Metastatic melanoma is very hard to treat and has a very poor prognosis. Here we report our experience with a new protocol, including bevacizumab, an antivascular endothelial growth factor for metastatic melanoma, which has shown to be active and well tolerated. Metastatic melanoma is a highly vascularized tumor with strong expression of vascular endothelial growth factor (1). Many chemotherapeutic agents, Interferon gamma and combinations have been used and before the new immunotherapies like the check point inhibitor ipilimumab or the PD1 inhibitors nivolumab and pembrolizumab (2-4) metastatic melanoma was a lethal disease with a long-term remission rate of less than 10%. Single-agent was palliative in some patients and there was no advantage of combination or chemo-immunotherapy in randomized trials (5).

The first published report in metastatic melanoma with a protocol consisting of bevacizumab, paclitaxel and carboplatin, was published by Perez et al. in 2009 (6), showing a response rate of 17 %, a stable disease in 53% of the patients. The median overall survival was 12 months and we used a modification of this protocol to see whether it is applicable to our patients.

Patients and Methods

Our protocol consisted of Bevacizumab 5 mg/m2 day 1 and 15, Paclitaxel 80 mg/m2 day 1, 8 and 15, Carboplatin AUC x 6, day 1 and G-CSF 300 mcg x 2 days after each treatment day.

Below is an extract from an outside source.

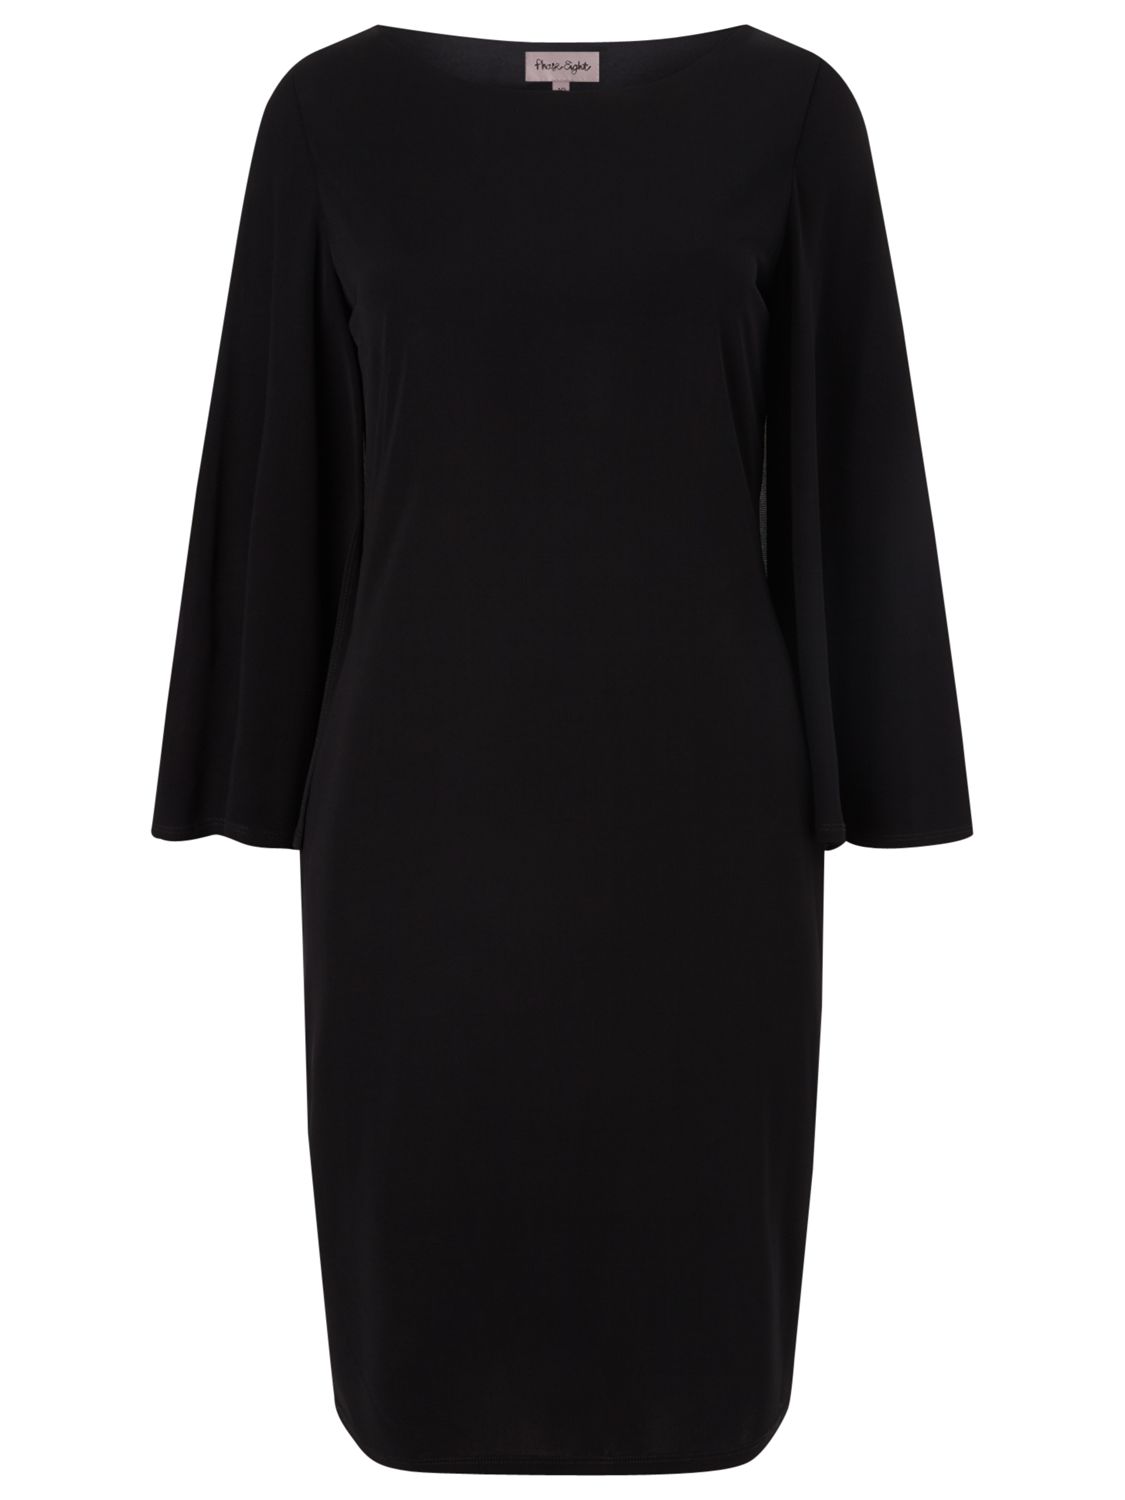 Phase Eight Christabel Cape Dress, Black at John Lewis & Partners

Our first patient was a 79year old patient with a history of melanoma in her left little finger in 2009. She underwent an amputation of her little finger and received an adjuvant treatment with Interferon alpha 3 million units three times a week (standard adjuvant treatment at that time). She was well until she developed multiple axillary lymph node metastases in 2013. She had a core needle biopsy revealing that the metastases were of melanoma origin. The surgeon declared the metastases as being non-operable. We started this protocol and after three courses of the axillary metastases had shrunk massively. The patient underwent an axillary lymphadenectomy and received 3 courses of adjuvant treatment with the same protocol and is well now 6 years after the operation.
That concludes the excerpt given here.